In his keynote address, President of the Massachusetts Institute of Technology Dr. Rafael Raif described what he sees as America’s competitive advantages in the global competition for tech dominance: the fact that the U.S. is home to the top universities in the world which produce and attract high-quality human capital and the presence of a shrewd investing community.  Dr. Raif urged the expansion of investment and engagement in use-inspired, impactful research aimed to address real-world problems like climate change and to reestablish the United States as a leader in the technologies that will dominate the economy of the future. At the moment, he lamented that the U.S. government grossly underfunds this type of research, while many promising technologies developed by small firms either fail or are developed overseas instead. 

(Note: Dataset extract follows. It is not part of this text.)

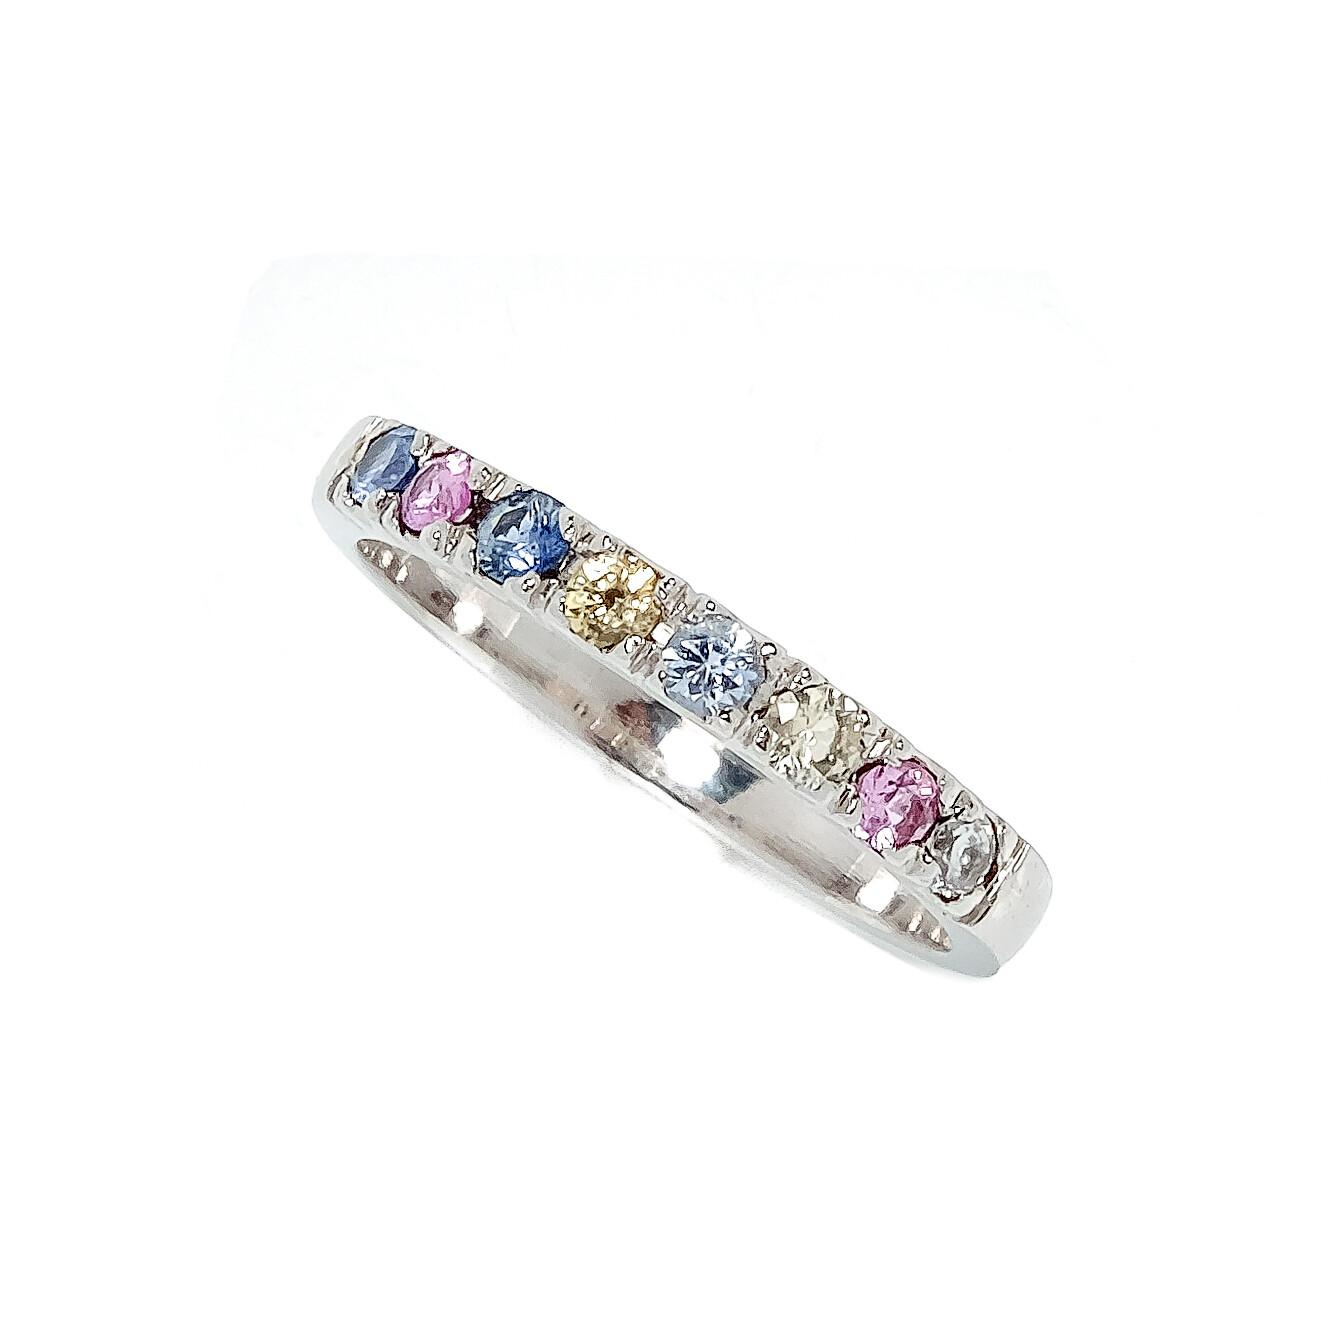 Elemental Half Eternity Ring - Sapphires - 6.5⌀ (14KT)

Responding to Dr. Raif’s call to action, the panelists raised the following points regarding how the U.S. can lead the world in critical technologies, and where it must focus its efforts: 

  • Protect and Expand Our Innovation Ecosystem:Panelists agreed that the polycentric aspects of the American innovation economy give it a distinct advantage over top-down, state-directed found in other countries. Former U.S. Chief Technology Officer Michael Kratsios suggested that enhancing cooperation and coordination between the different nodes of America’s innovation ecosystem while retaining its decentralized nature is critical. 

  • Move International Cooperation Beyond Rhetoric:Kratsios and others mentioned that coordination on technological development with our allies is often restricted to words rather than action. To strengthen our own research capacity along with our allies, he urged that we must agree on a concrete set of priorities and take multilateral action. 

  • Focus On Promising Sectors:The panel agreed that quantum information science (QIS), artificial intelligence (AI), and biotechnology are critical sectors for ensuring America’s economic prosperity in at least the 21st While many of these may be "pre-competitive,” it is generally understood that they will be the drivers of the world economy in the future. Federal and private efforts should concentrate on making sure breakthroughs in these domains happen in the United States. 

  • Breakthroughs Reinforce Themselves:Steve Binkley with the Department of Energy’s Office of Science emphasized that advancements in sectors like QIS often require contributions from several other disciplines (chemistry, physics, engineering, etc.). Anything less than a holistic approach to STEM investment may slow breakthroughs from happening. 

  • Harness America’s Vast Diversity:Matthew McMahon with the National Institutes of Health argued that we need to broaden participation in our STEM workforce. Without input from Americans of all backgrounds and experiences, we won’t be able to address disparities during emerging crises like global pandemics and climate disasters.